Я спрашивал ее врасплох: «Ах, кстати, Альбертина, приснилось ли мне это, или вы действительно сказали, что знакомы с Жильбертой Сван?» – «Да, то есть она помогала мне на уроках, потому что у нее были записки по французской истории, она была даже так мила, что одолжила мне свои тетради, и при первой же встрече с ней я их вернула». – «Что же, она из тех женщин, которых я не люблю?» – «О, ничуть, совсем напротив». Но я не любил заниматься такого рода допросами и часто посвящал на мысленное представление прогулки Альбертины больше сил, чем затратил бы их на действительное участие в этой проулке; я заводил с ней речь с тем жаром, который сохраняют в нас нетронутым неосуществленные планы.

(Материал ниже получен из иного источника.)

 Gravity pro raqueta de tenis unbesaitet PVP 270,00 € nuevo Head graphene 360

Я выражал такое горячее желание вновь взглянуть на тот или другой витраж Сент-Шапель, такое сожаление по поводу невозможности пойти в эту часовню вдвоем с Альбертиной, что она ласково говорила мне: «Милый мой мальчик, если вы думаете, что это доставит вам такое удовольствие, сделайте маленькое усилие, поезжайте с нами. Мы будем ждать вас сколько вам угодно, вы успеете собраться не торопясь. Впрочем, если вам больше нравится быть одному со мной, я сейчас же спроважу Андре, она придет в другой раз». Но эти просьбы выйти прогуляться действовали на меня так успокоительно, что я мог уступить желанию остаться дома.

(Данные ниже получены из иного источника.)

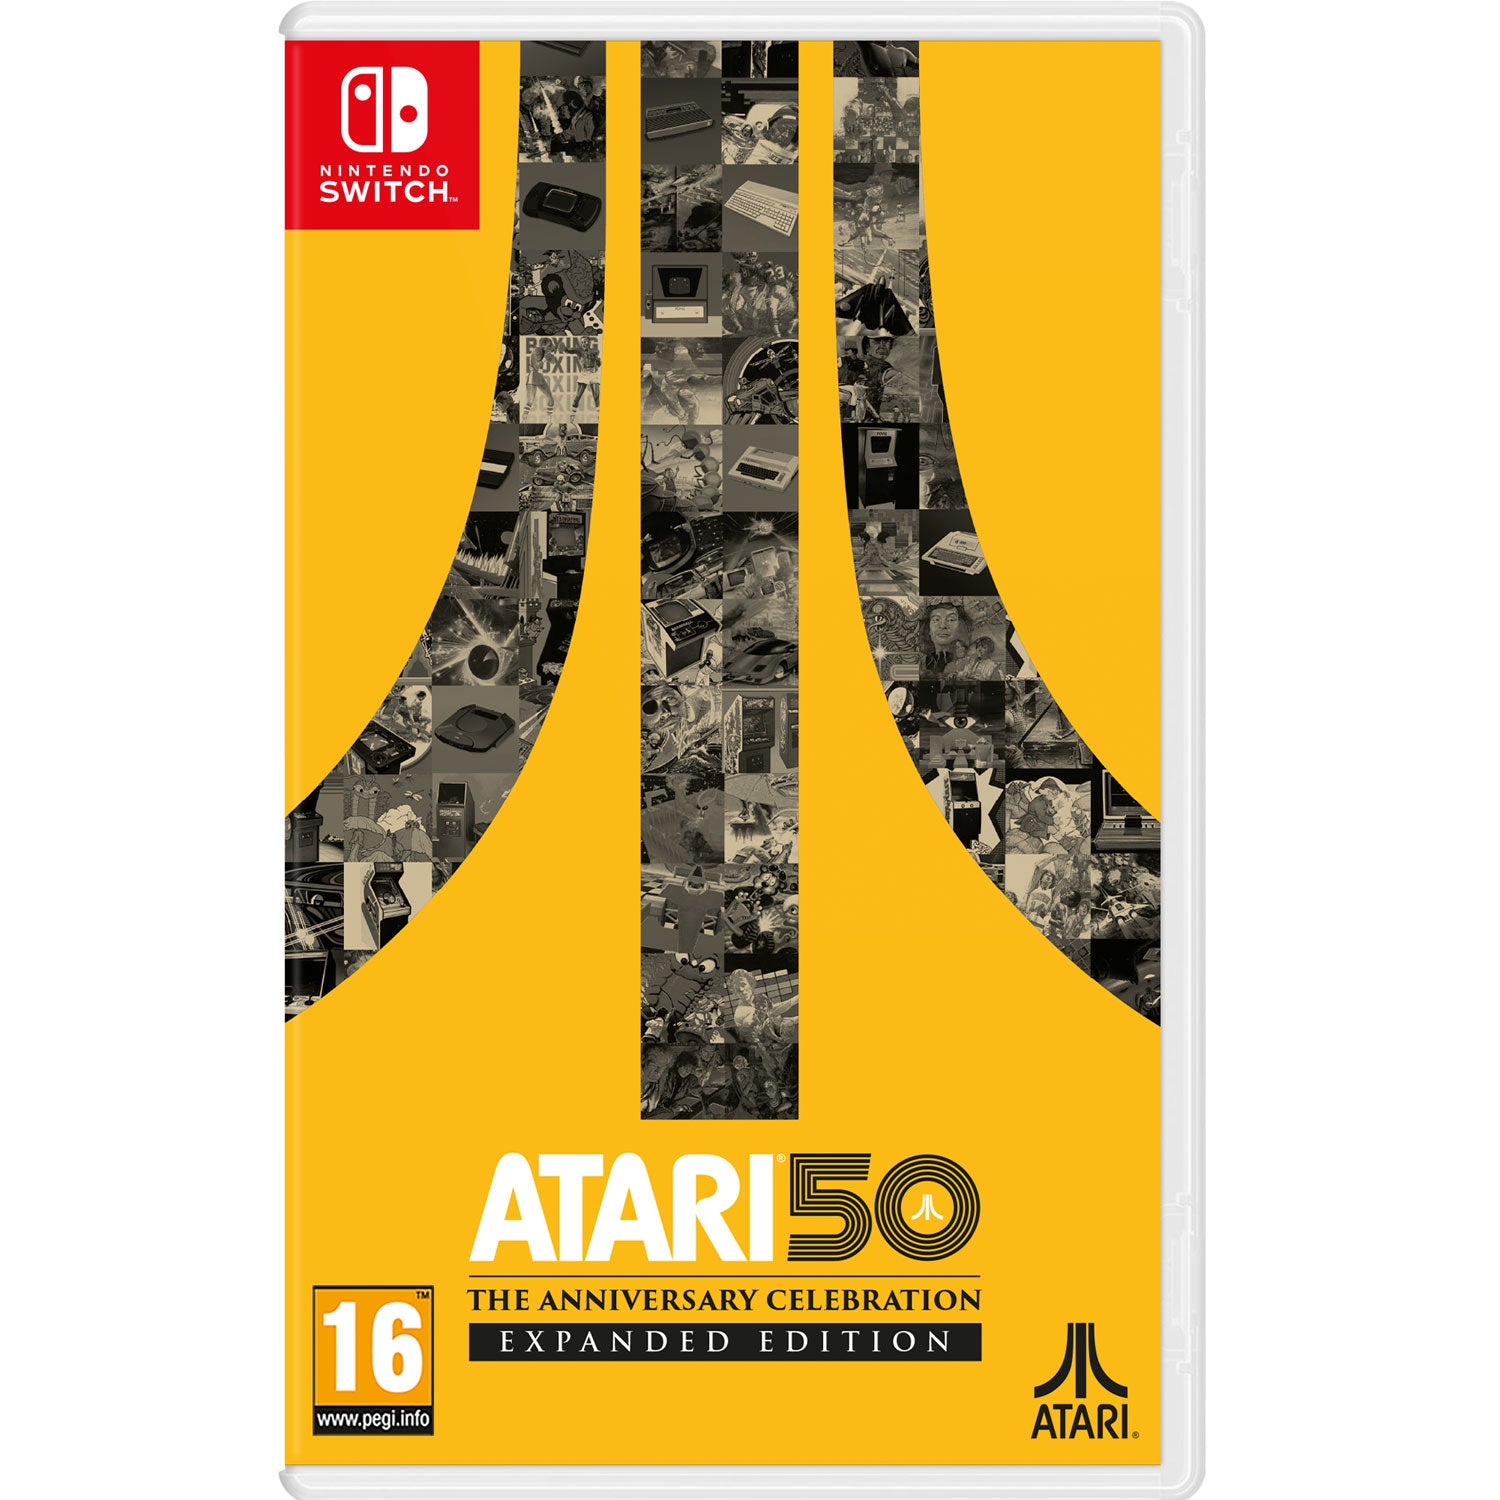 Nintendo Switch Atari 50: The Anniversary Celebration [Expanded Edition]

Мне в голову не приходило, что апатия, которой я наполнялся, поручая присмотр за Альбертиной Андре или шоферу и перенося на них таким образом заботу успокаивать мое возбуждение, сковывала у меня все те движения рассудка, парализовала всю ту работу воображения, все те озарения воли, которые помогают нам угадать замыслы интересующего нас лица и помешать ему привести их в исполнение; а надо сказать, что от природы мир возможного всегда был больше открыт мне, чем мир реальный с его непредвиденными случайностями. Такая особенность облегчает нам познание человеческой души вообще, но часто вводит в заблуждение относительно тех или иных конкретных лиц. Моя ревность порождалась образами, созданными моим страданием, а вовсе не была результатом исчисления вероятностей. Между тем в жизни людей, как и в жизни народов, может наступить мгновение (и ему предстояло наступить также и в моей жизни), когда чувствуется иметь в себе префекта полиции, дипломата с ясным и трезвым умом, начальника сыскного отделения, который вместо мечтаний о возможностях, таящихся в каждой точке земной поверхности, рассуждает точно и говорит: «Если Германия заявляет то-то и то-то, то значит, она хочет предпринять нечто совсем другое, не неопределенный какой-то шаг, а в точности то-то и то-то, и, может быть, уже приступила к осуществлению своего замысла». – «Если такое-то лицо убежало, то оно скрылось не в а, b, d – а в с, и место, где следует производить наши поиски, есть с». Увы, способность эту, которая никогда не была сильно развита у меня, я оставлял в пренебрежении; она слабела и глохла вследствие моей привычки успокаиваться, как только другие брали на себя заботу присматривать вместо меня.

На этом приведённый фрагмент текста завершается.